Records from a data collection:
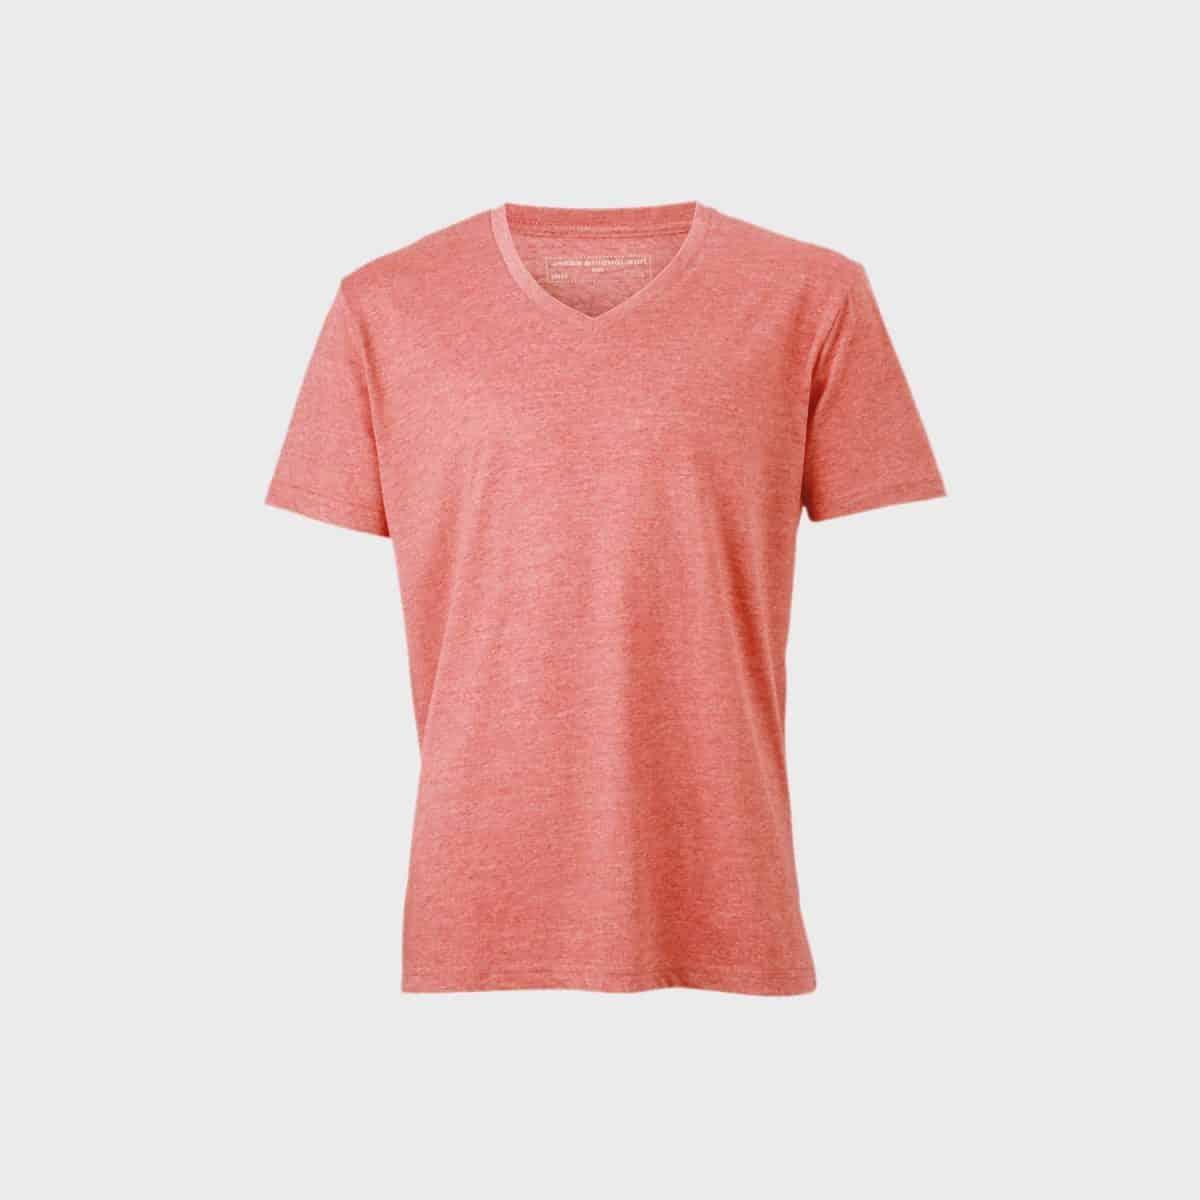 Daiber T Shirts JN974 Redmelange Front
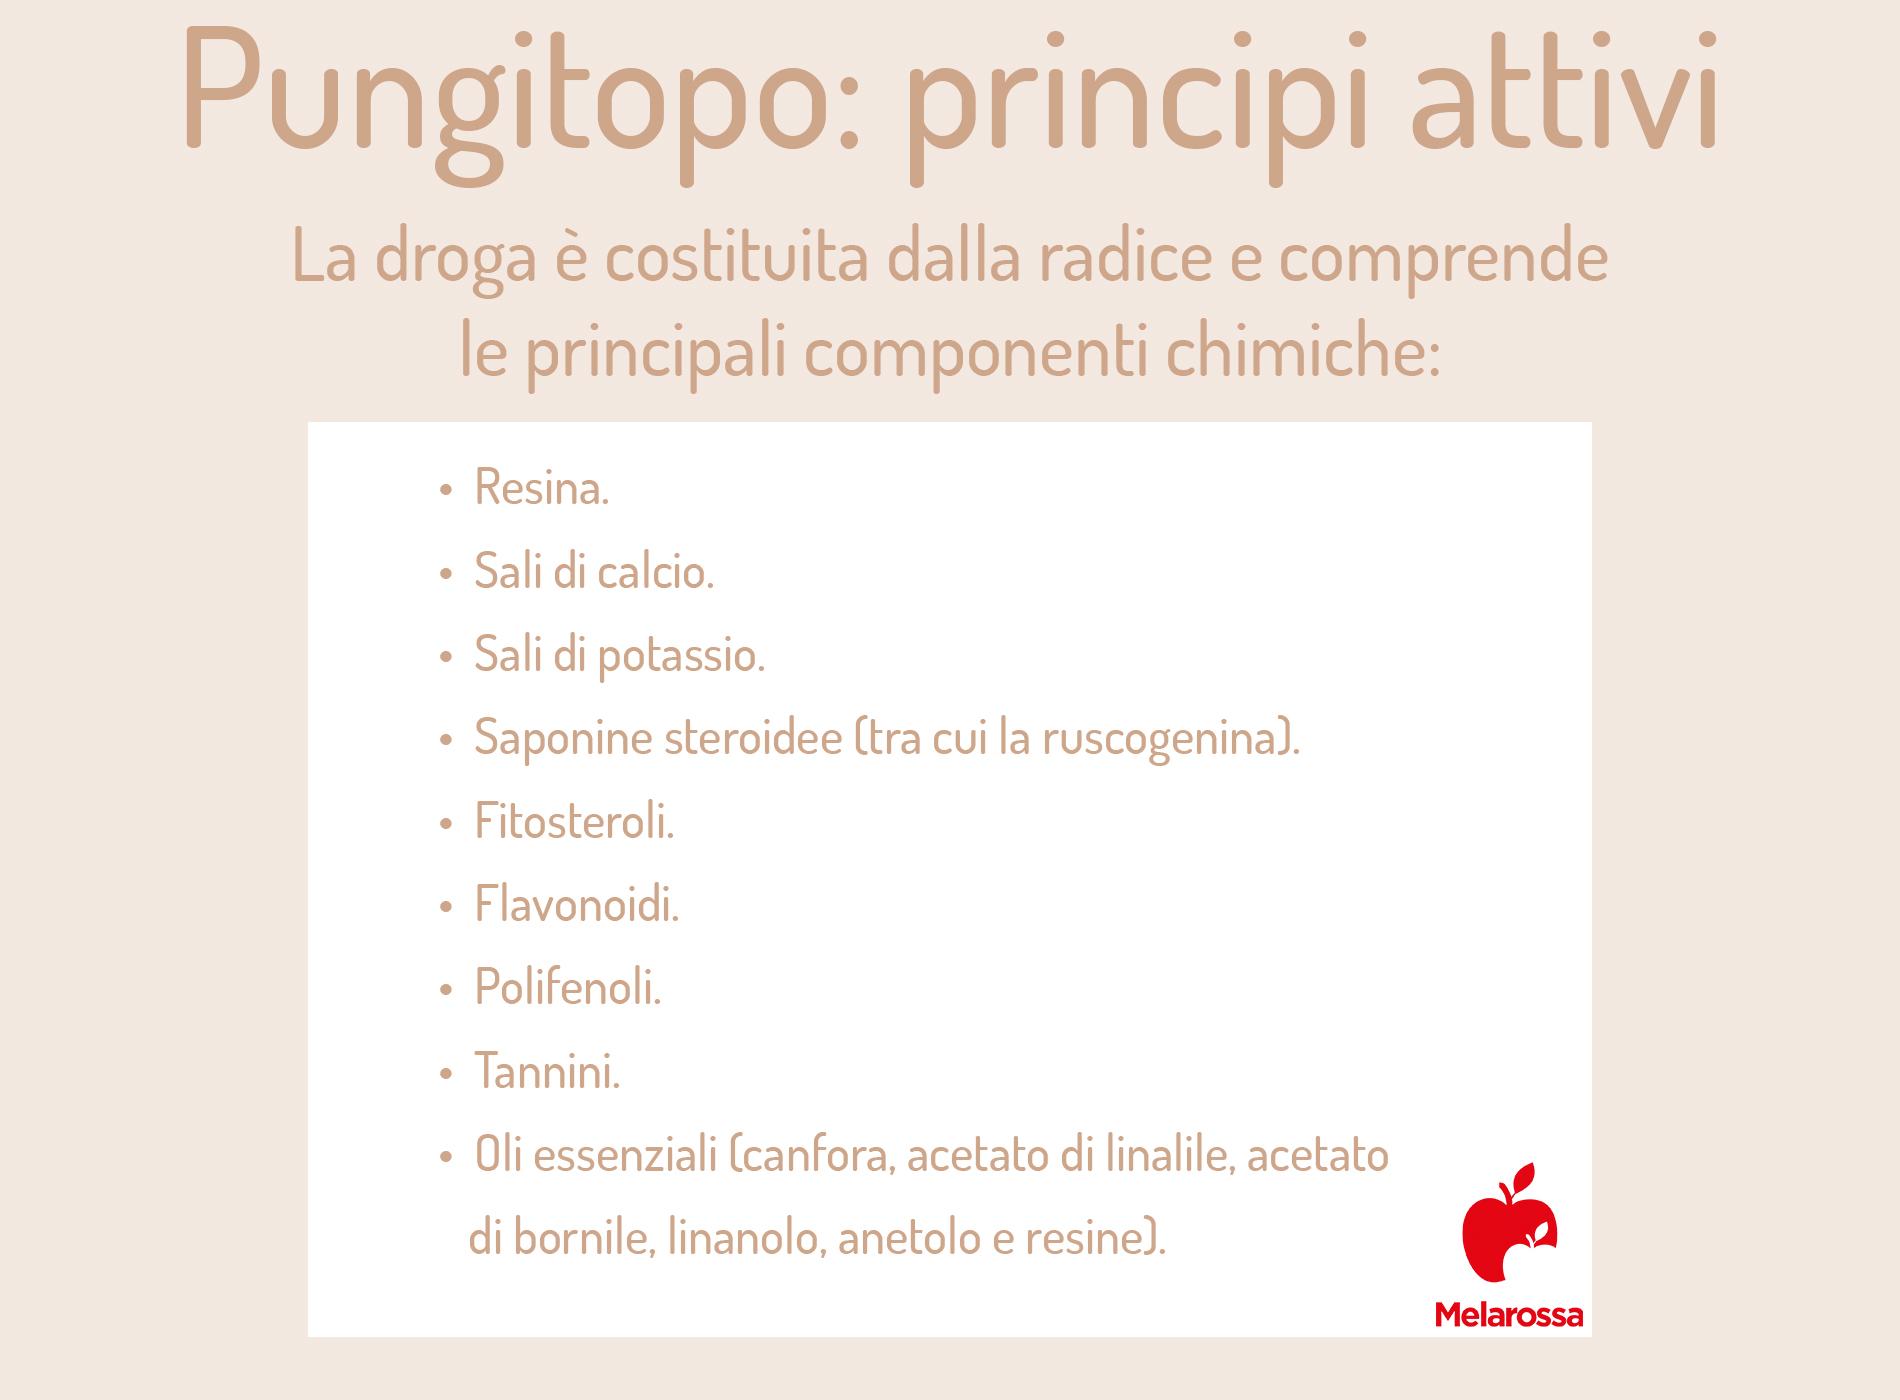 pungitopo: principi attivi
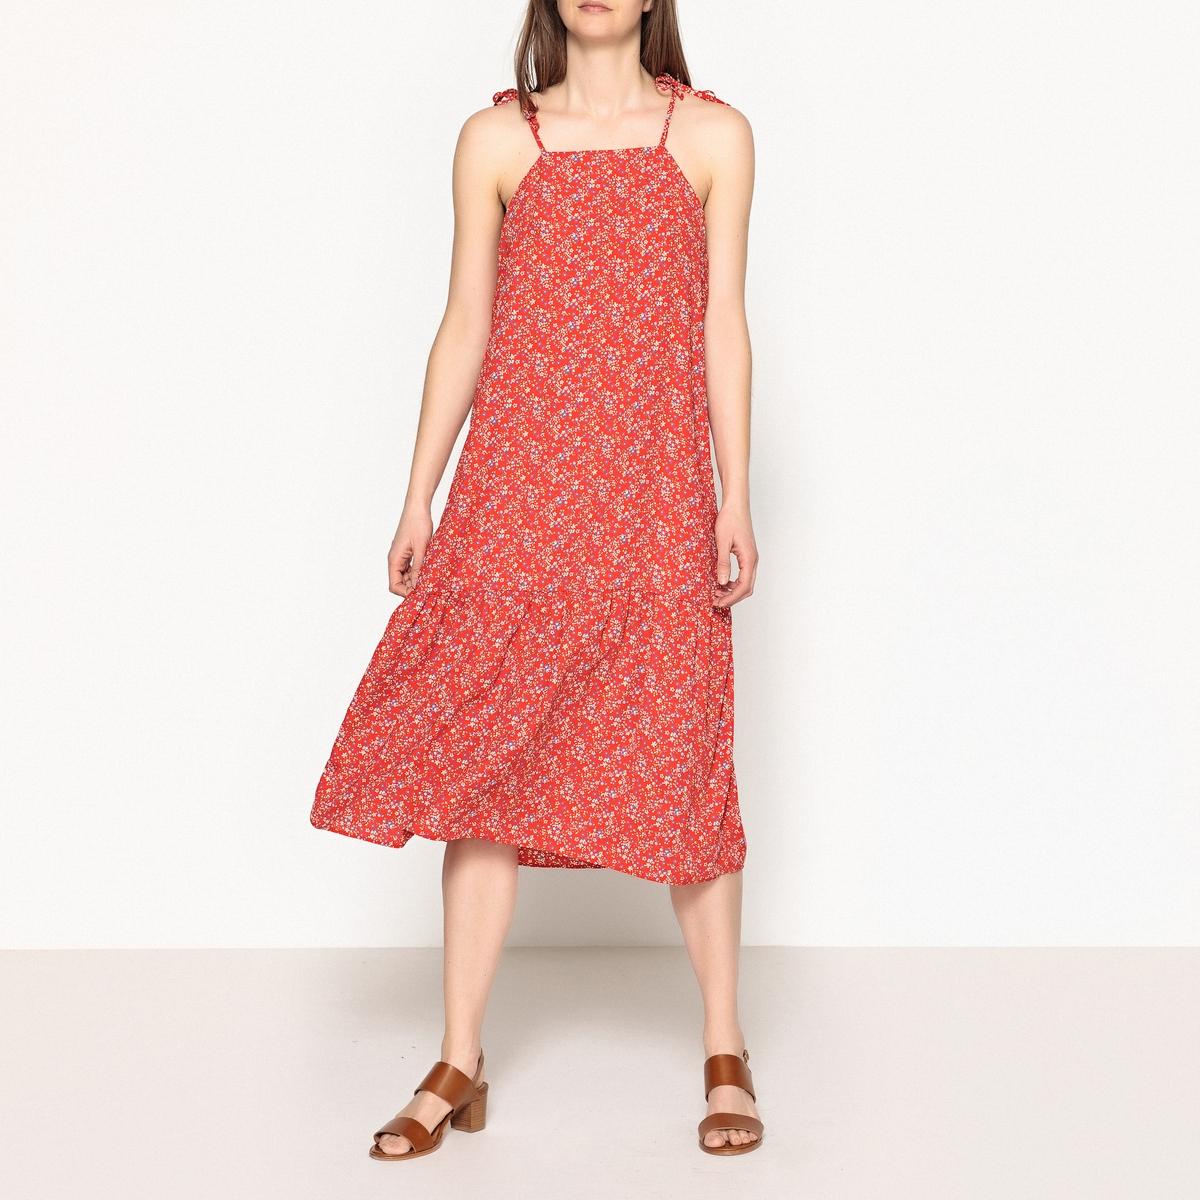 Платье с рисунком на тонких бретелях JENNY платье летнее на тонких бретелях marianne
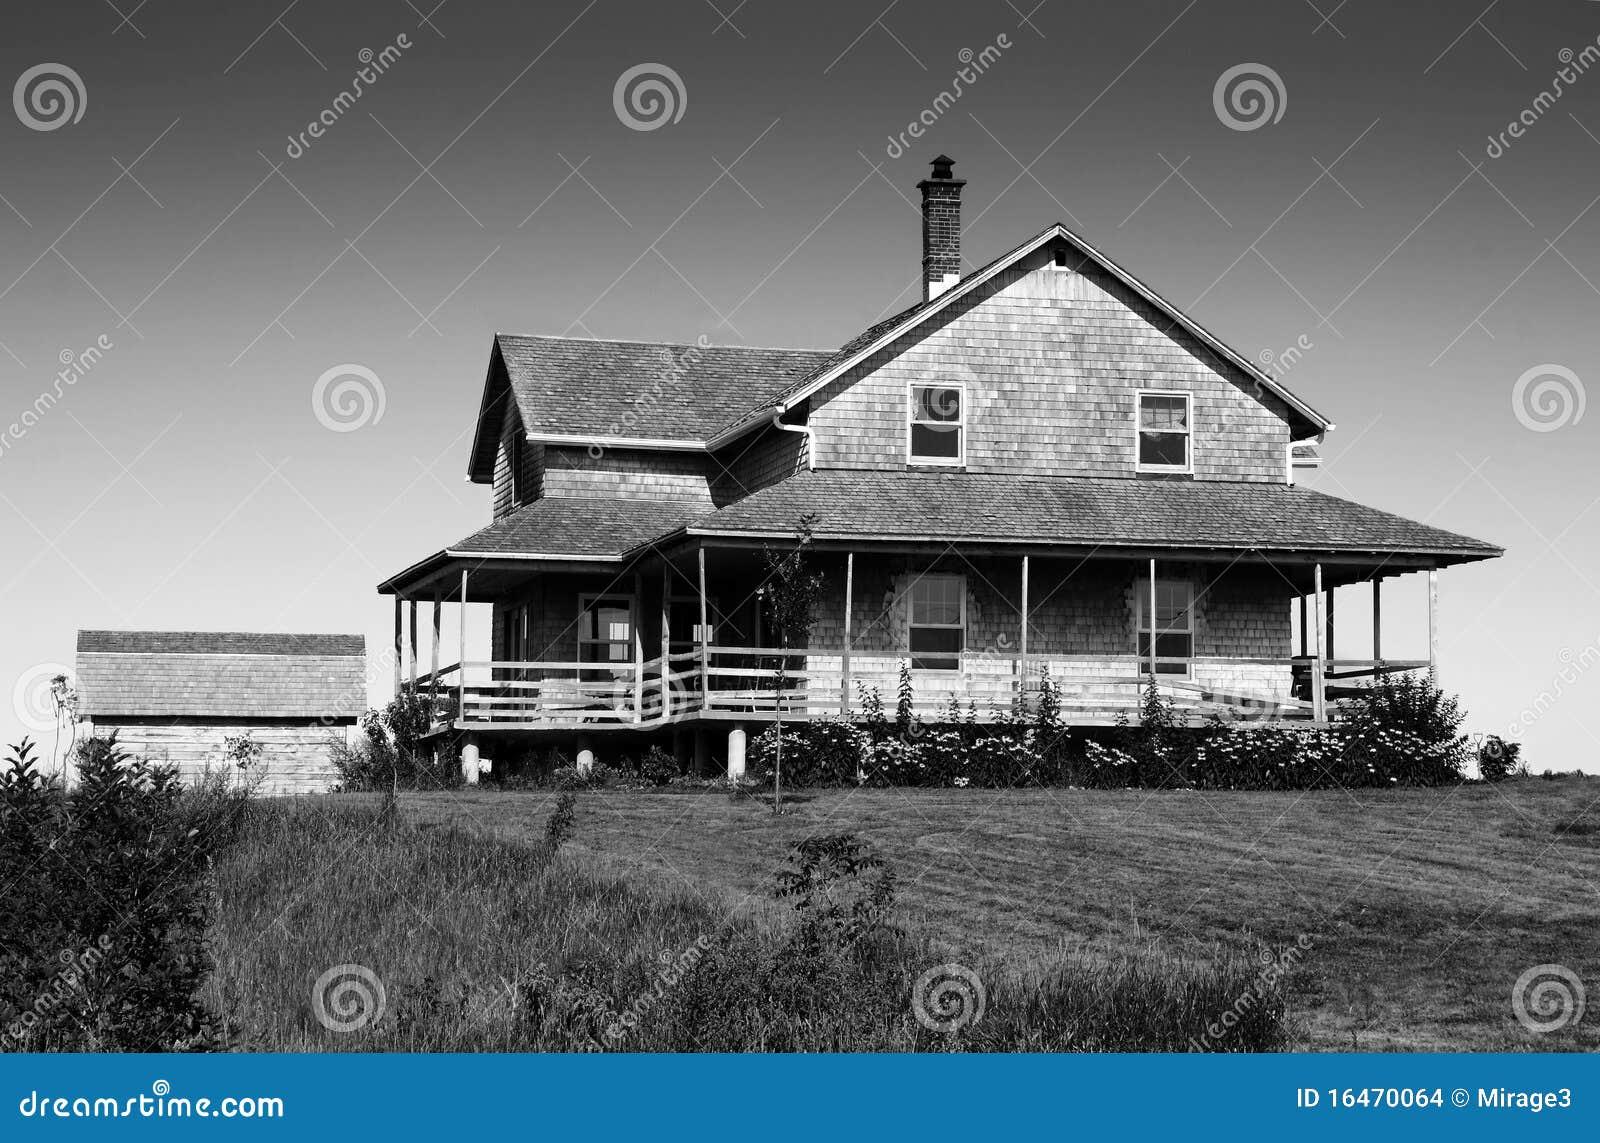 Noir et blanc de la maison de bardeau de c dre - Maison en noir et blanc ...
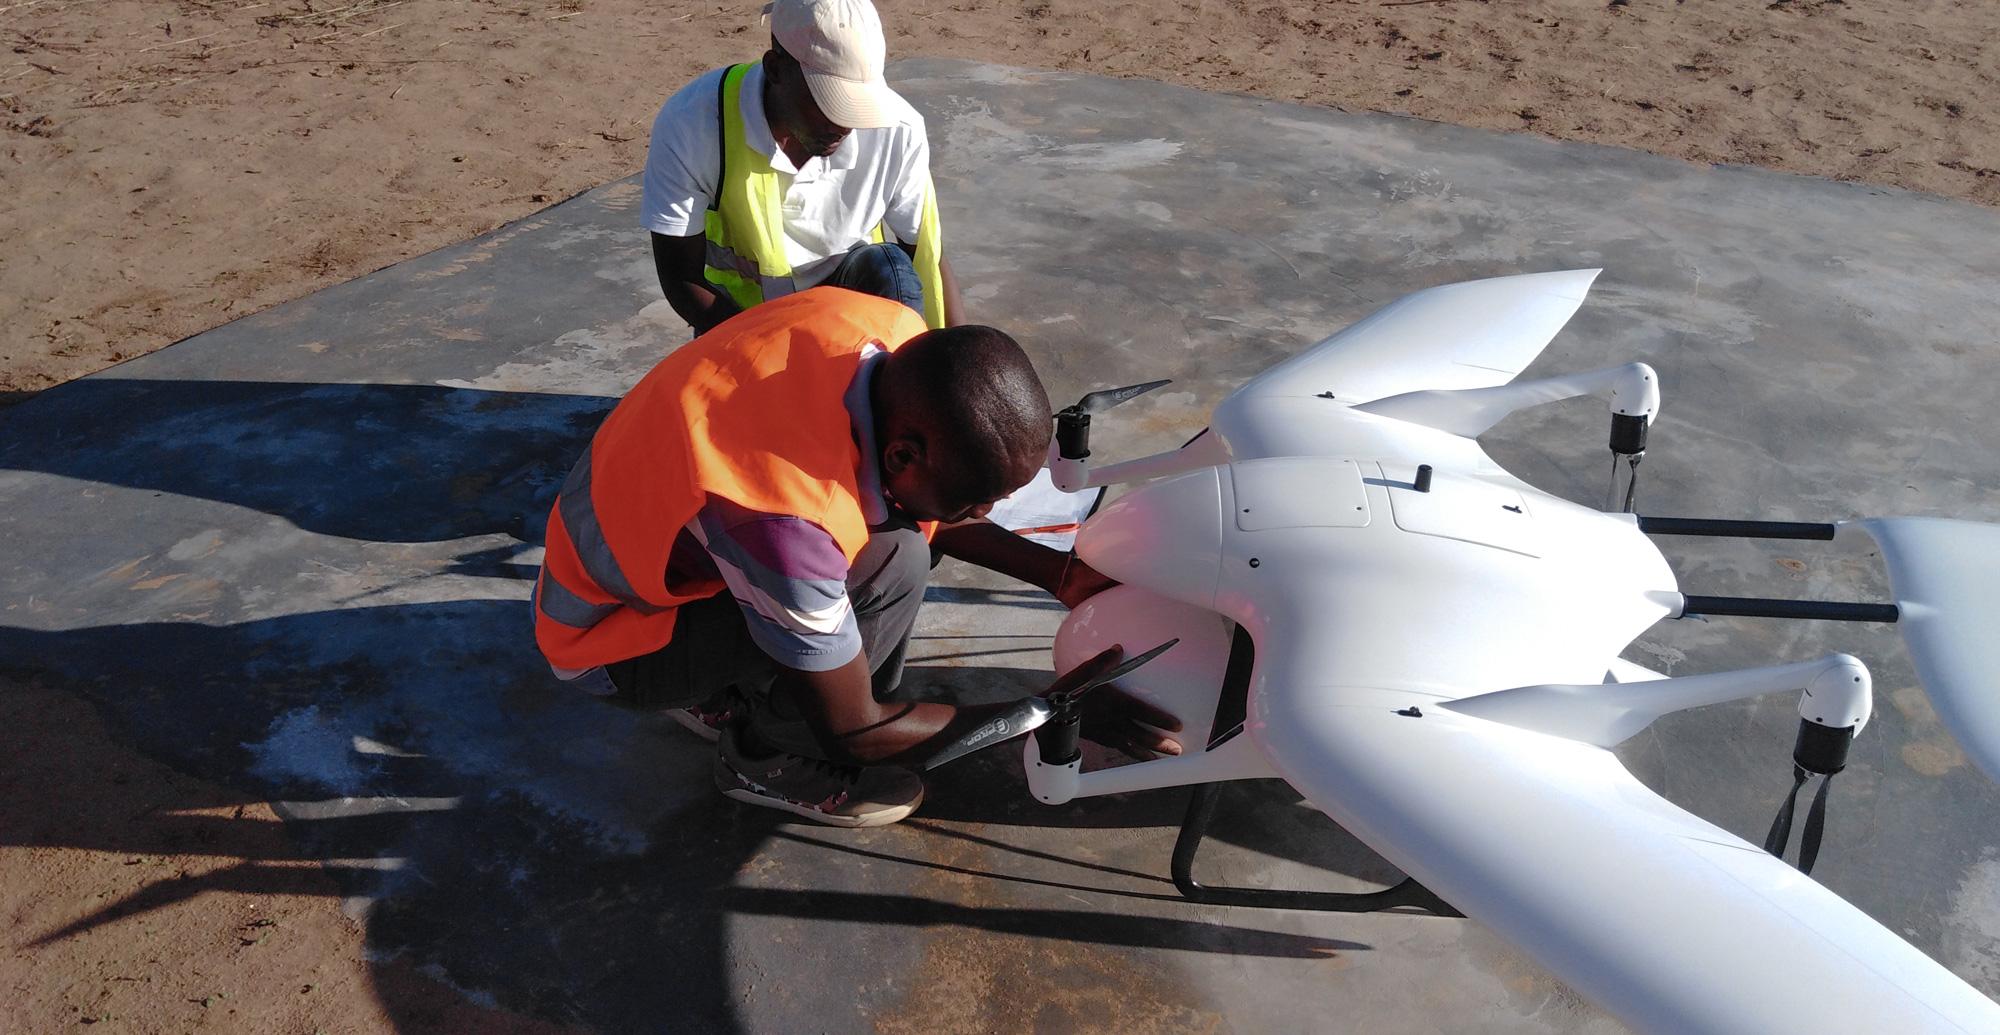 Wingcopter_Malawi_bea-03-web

- **Problem description**:
Leave the images aside and return the records above exactly as written.

- **Exercise output**:
 Daiber T Shirts JN974 Redmelange Front
 pungitopo: principi attivi
 Платье с рисунком на тонких бретелях JENNY платье летнее на тонких бретелях marianne
 Noir et blanc de la maison de bardeau de c dre - Maison en noir et blanc ...
 Wingcopter_Malawi_bea-03-web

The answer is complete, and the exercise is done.